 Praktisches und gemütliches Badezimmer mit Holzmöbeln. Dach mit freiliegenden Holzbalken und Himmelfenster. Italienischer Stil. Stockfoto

**********

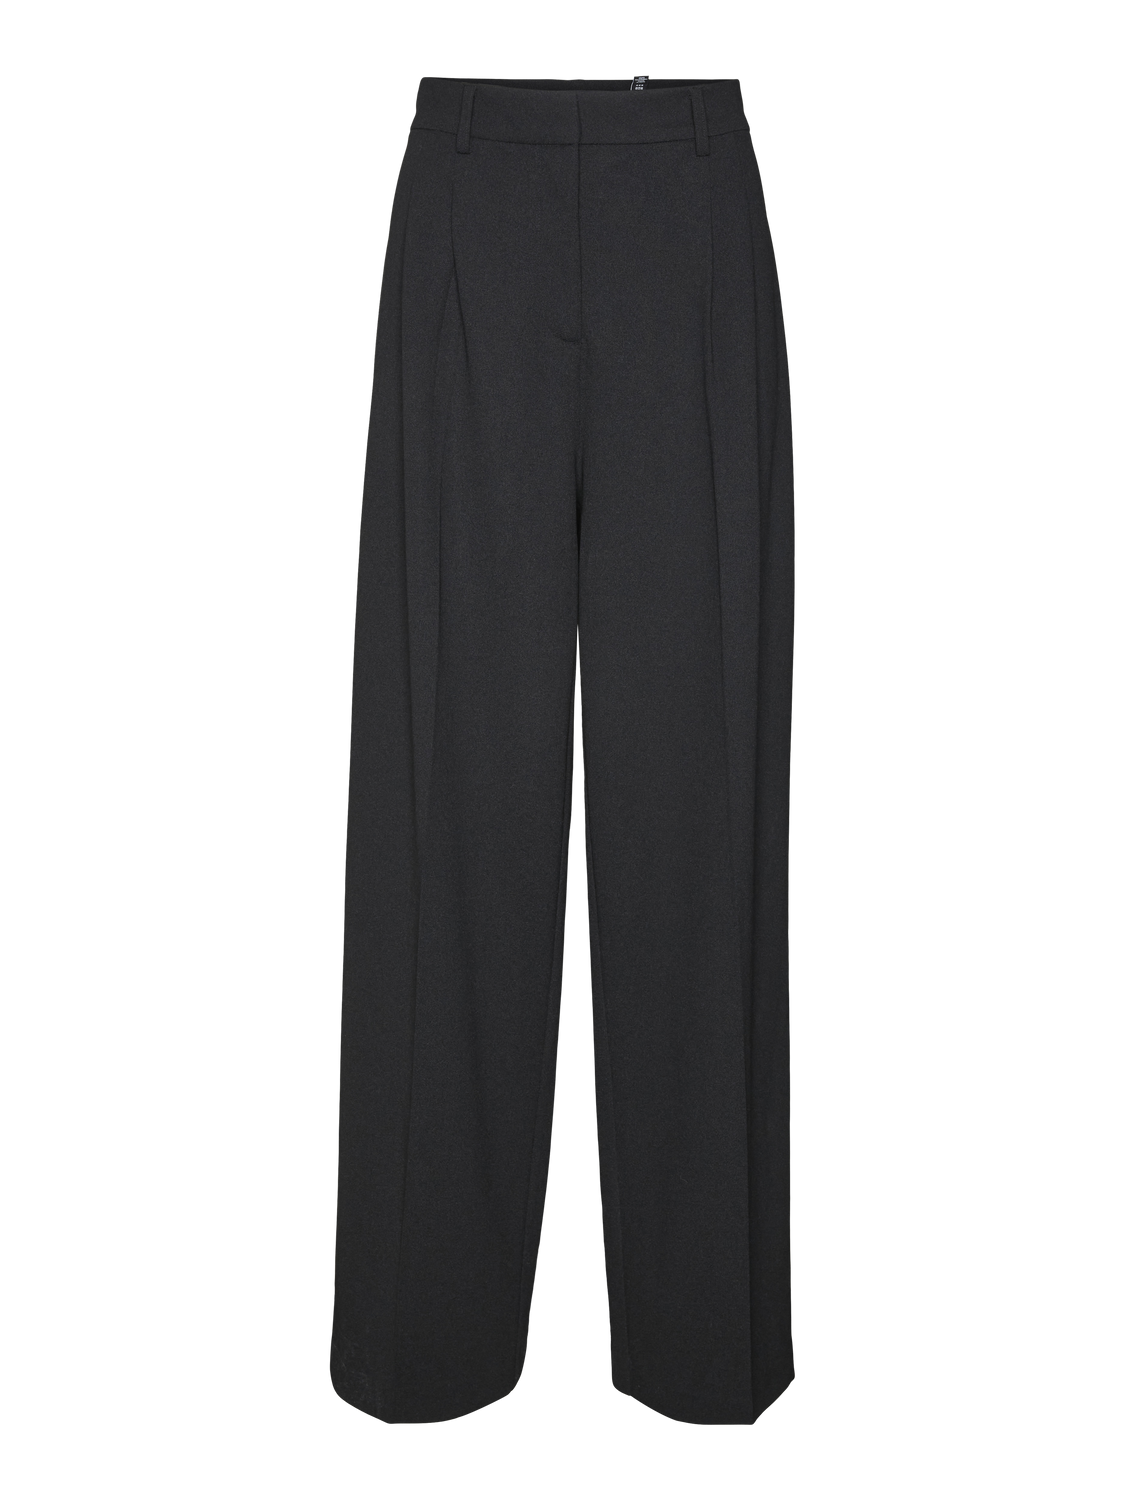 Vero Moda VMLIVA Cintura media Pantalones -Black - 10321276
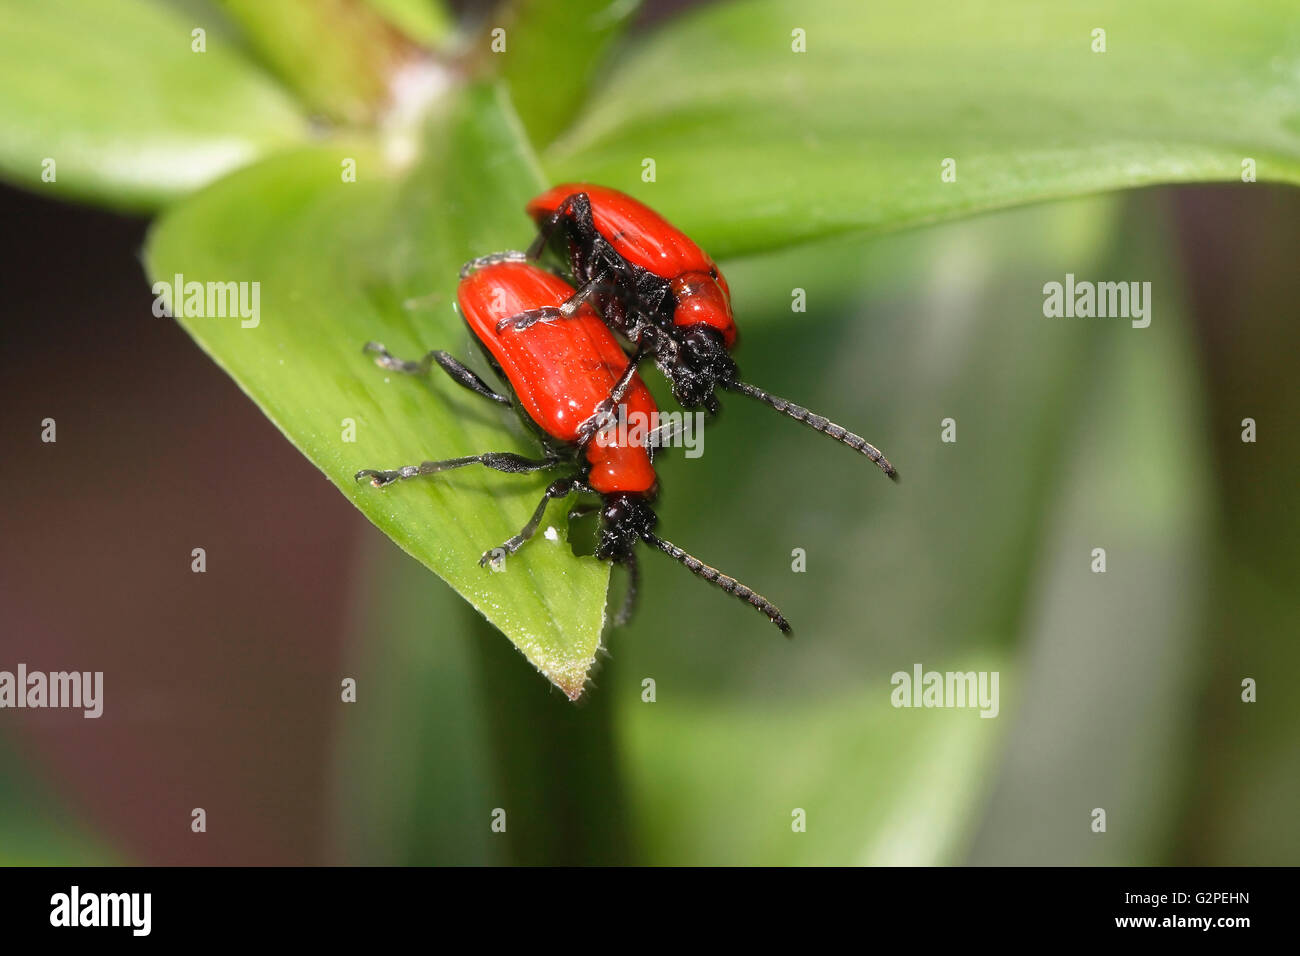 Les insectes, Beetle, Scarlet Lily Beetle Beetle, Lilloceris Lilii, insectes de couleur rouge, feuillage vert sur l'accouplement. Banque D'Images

**********

Problem to work on:
In the data above, find the line containing "Vero Moda VMLIVA" and the line containing "Les insectes, Beetle, Scarlet". Repeat those two lines and everything between them exactly, minus the pictures.

Response for this exercise:
 Vero Moda VMLIVA Cintura media Pantalones -Black - 10321276
 Les insectes, Beetle, Scarlet Lily Beetle Beetle, Lilloceris Lilii, insectes de couleur rouge, feuillage vert sur l'accouplement. Banque D'Images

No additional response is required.